Anche l’altro accordo tematico centrale di questa poesia, «lieta e pensosa» (v. 5), fu raggiunto dal Leopardi solo dopo altre prove. Egli infatti in un primo tempo aveva espresso direttamente l’intima castità che sentiva in tutta questa figura attraverso la coppia «lieta e pudica», cosí come piú tardi, nel pensiero dello Zibaldone sull’incanto di una fanciulla[7], insisteva su questo carattere di ingenuità e di innocenza, che poteva anche essere un suggerimento del finale della pariniana A Silvia.
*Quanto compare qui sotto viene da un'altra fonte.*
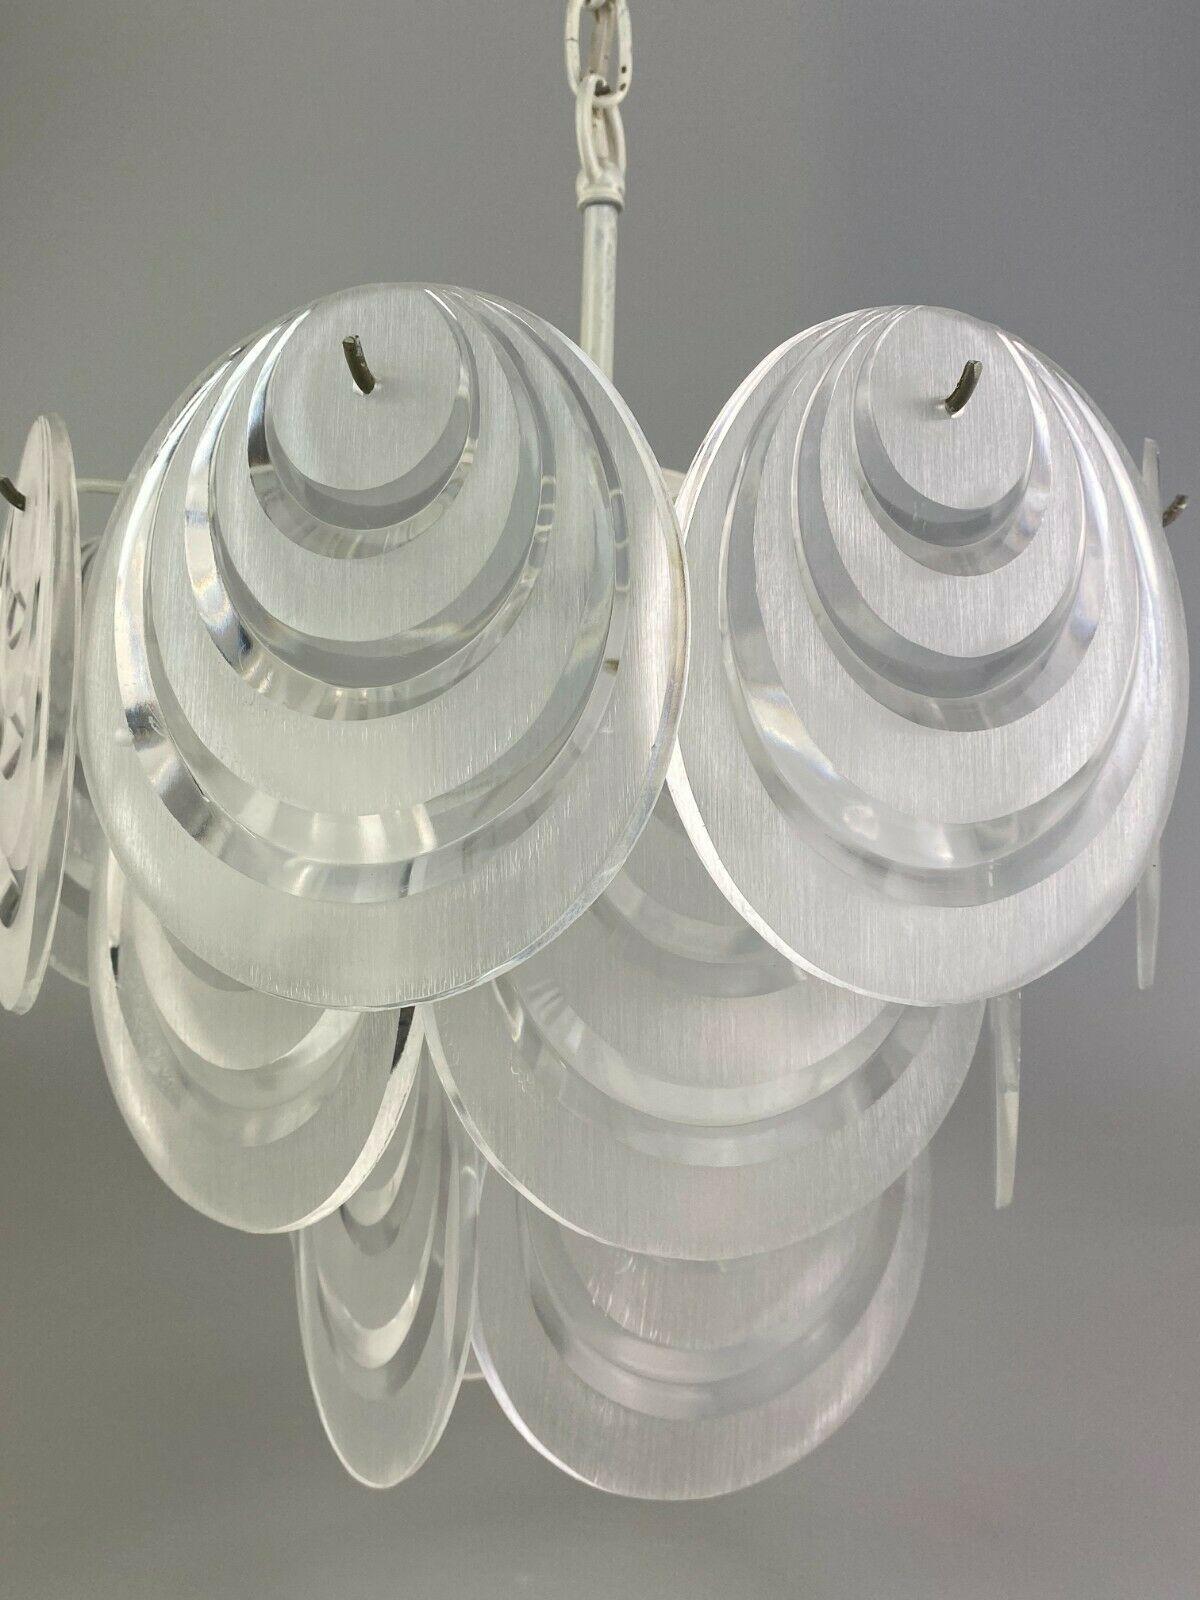 70s Lamp Light Hanging Lamp Ceiling Lamp Space Age Design Plastic For Sale 4

Successivamente invece scelse il termine meno diretto e tanto piú poetico perché esprime perfettamente questo incontro di letizia, di confidenza nell’avvenire, nella fanciulla, e insieme la sua pensosità, una lieve ombra che si irraggia e fa alone sull’immagine della letizia: cosí che il senso di ingenuità, di verecondia e di pudicizia vibra da tutta la figura senza essere enunciato direttamente.
Sonavan le quiete
stanze, e le vie dintorno,
al tuo perpetuo canto,
allor che all’opre femminili intenta
sedevi, assai contenta
di quel vago avvenir che in mente avevi.
Era il maggio odoroso: e tu solevi
cosí menare il giorno. (vv. 7-14)
La seconda strofa, dopo che nella prima la memoria poetica ha recuperato l’immagine luminosa, pensosa e lieta della fanciulla che ascende e rimarrà sulla soglia della vita (per lei anche soglia della morte), consolida la figura di Silvia (che secondo il criterio della doppia vista implica anche speranza) in un’immagine come distaccata di intimo e misurato fervore senza movimento esterno. Quest’effetto di quiete composta è raggiunto soprattutto dall’uso degli imperfetti che qui si addensano anche in rime interne: «Sedevi», «avevi», «solevi»; essi indicano la durata nel passato, la consuetudine di care abitudini, in contrasto alla parte terminale dove cedono ai passati remoti, al tempo della cesura, del “mai piú”, quando la vicenda sarà affettivamente e radicalmente conclusa.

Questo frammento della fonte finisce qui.